In the competitive semiconductor industry, it is desirable to consistently stop CMP processing of a run of wafers at a desired endpoint and to produce a uniform, planar surface on each wafer. Accurately stopping CMP processing at a desired endpoint is important to maintaining a high throughput of planarized wafers because the planarized surface must be at a desired level with respect to other layers of material and structures on the wafer. For example, if the planarized surface is above an acceptable level, the wafer must be re-planarized until it reaches a desired endpoint. Additionally, it is important to accurately produce a uniform, planar surface on each wafer to enable precise circuit and device patterns to be formed with photolithography techniques. The critical dimensions of many photo-patterns must be focused within a tolerance of approximately 0.1 .mu.m. Focusing photo-patterns to such small tolerances, however, is difficult when the planarized surface of the wafer is not uniformly planar. Therefore, two primary objectives of CMP processing are stopping planarizing at a desired endpoint and producing a highly uniform, planar surface on each wafer.
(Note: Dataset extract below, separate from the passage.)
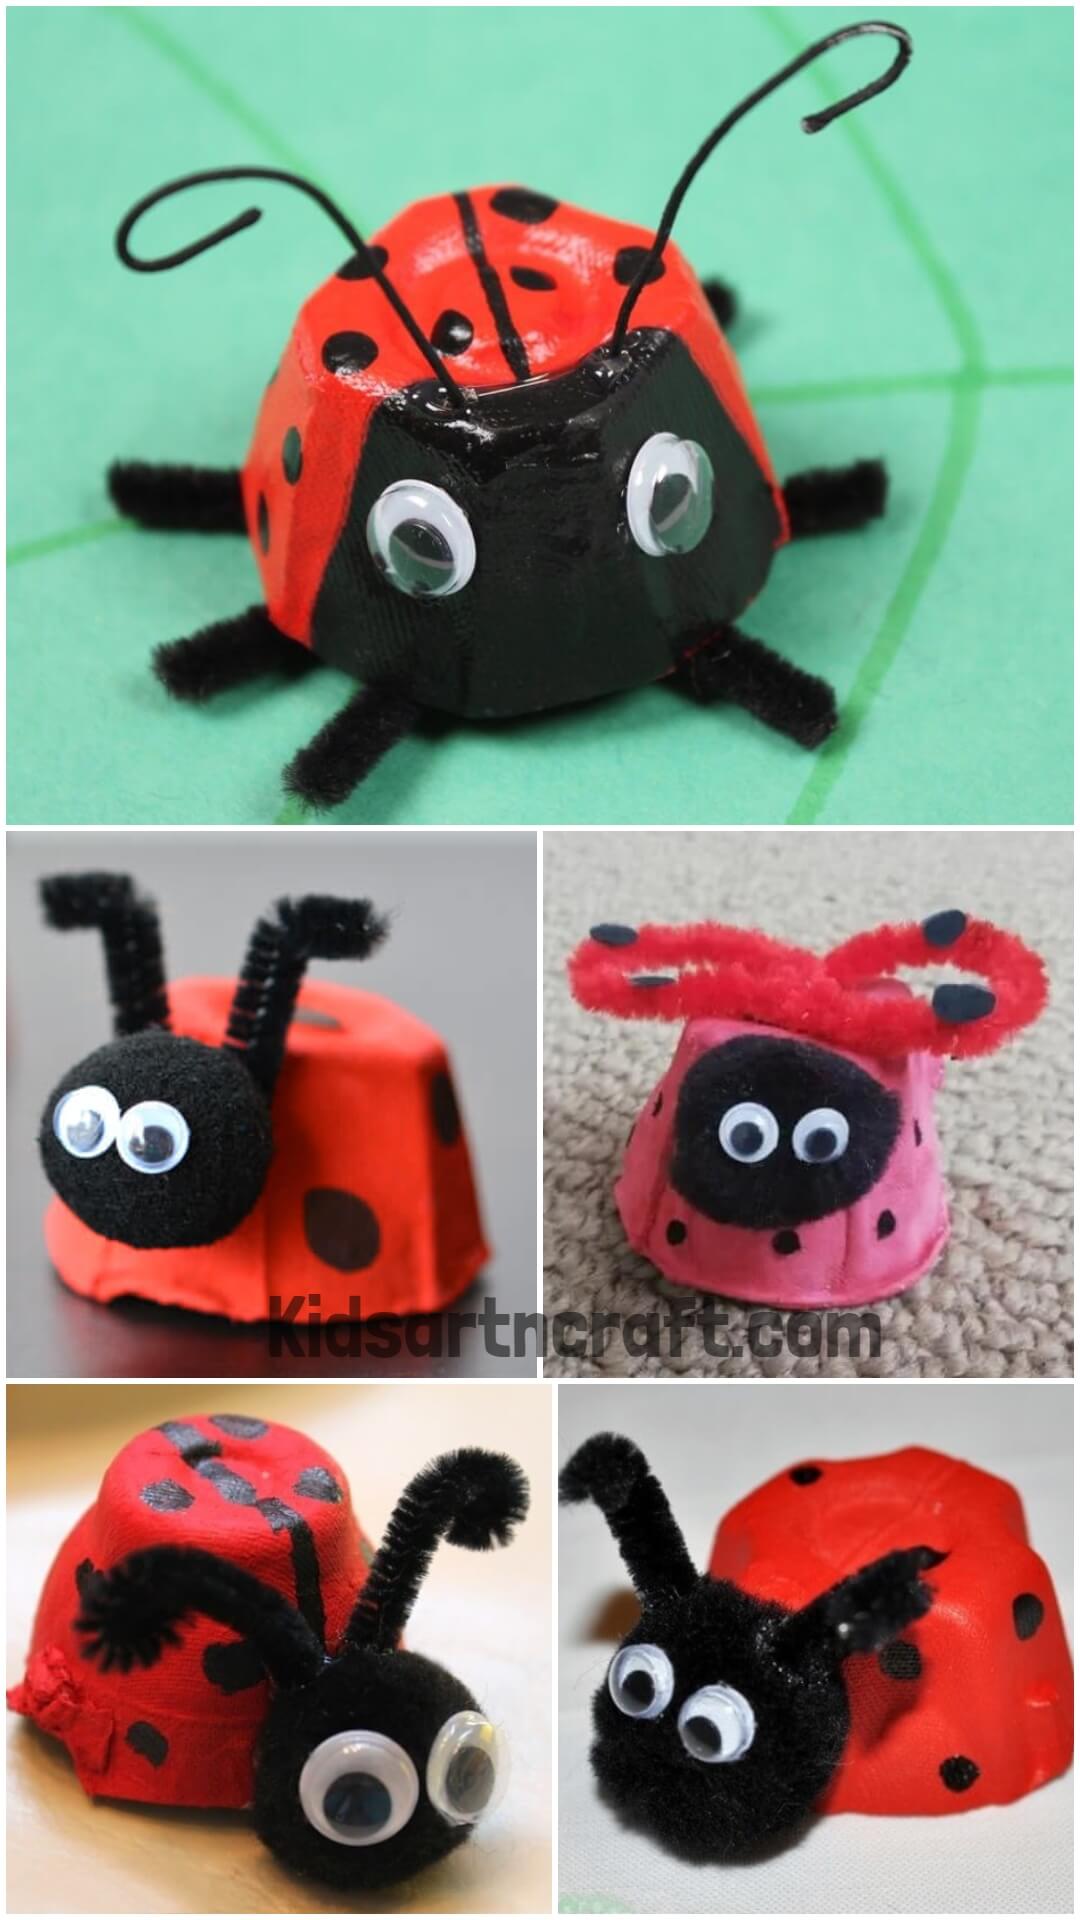 DIY Easy Egg Carton Ladybug Crafts

The endpoint of CMP processing may be determined by estimating the time-to-polish the wafer based on the polishing rate of previous wafers. CMP processing, however, involves many operating parameters that affect the planarity of the surface of the wafer and the ability to estimate the time-to-polish a wafer to a desired endpoint. The rate at which the material is removed from the surface of the wafer (the "polishing rate") often varies from one wafer to another. The most common parameters that affect the polishing rate of a wafer are: (1) the relative velocity created between the wafer and the polishing pad across the face of the wafer; (2) the distribution of slurry across the surface of the wafer; (3) the composition of materials of the wafer; (4) the topography of the wafer; (5) the parallelism between the face of the wafer and the surface of the polishing pad; (6) the temperature gradient across the face of the wafer; and (7) the condition of the planarizing surface of the polishing pad. The polishing rate may vary from one wafer to another because it is difficult to identify and correct changes in specific operating parameters. Thus, it is difficult to consistently stop CMP processing at a desired endpoint on a wafer by estimating the time-to-polish the wafer using the polishing rate of previous wafers.
The endpoint of a wafer may also be determined by stopping CMP processing and measuring a change in thickness of the wafer. In a typical process for measuring a change in thickness of the wafer, the wafer is partially or completely removed from the planarizing surface of the polishing pad, and then an interferometer or other measuring device measures a change in thickness of the wafer. However, repeatedly stopping CMP processing to measure the change in thickness of the wafer reduces the throughput of planarized wafers, or a wafer may be destroyed or impaired because it may be over-polished beyond an acceptable endpoint before the first measurement. Accordingly, it is also difficult and time-consuming to consistently stop CMP processing at a desired endpoint by continuously measuring the actual change in thickness of the water.
In light of the problems with determining the endpoint of CMP processing, it would be desirable to develop a method and apparatus that indicates when a wafer has been planarized to a desired endpoint.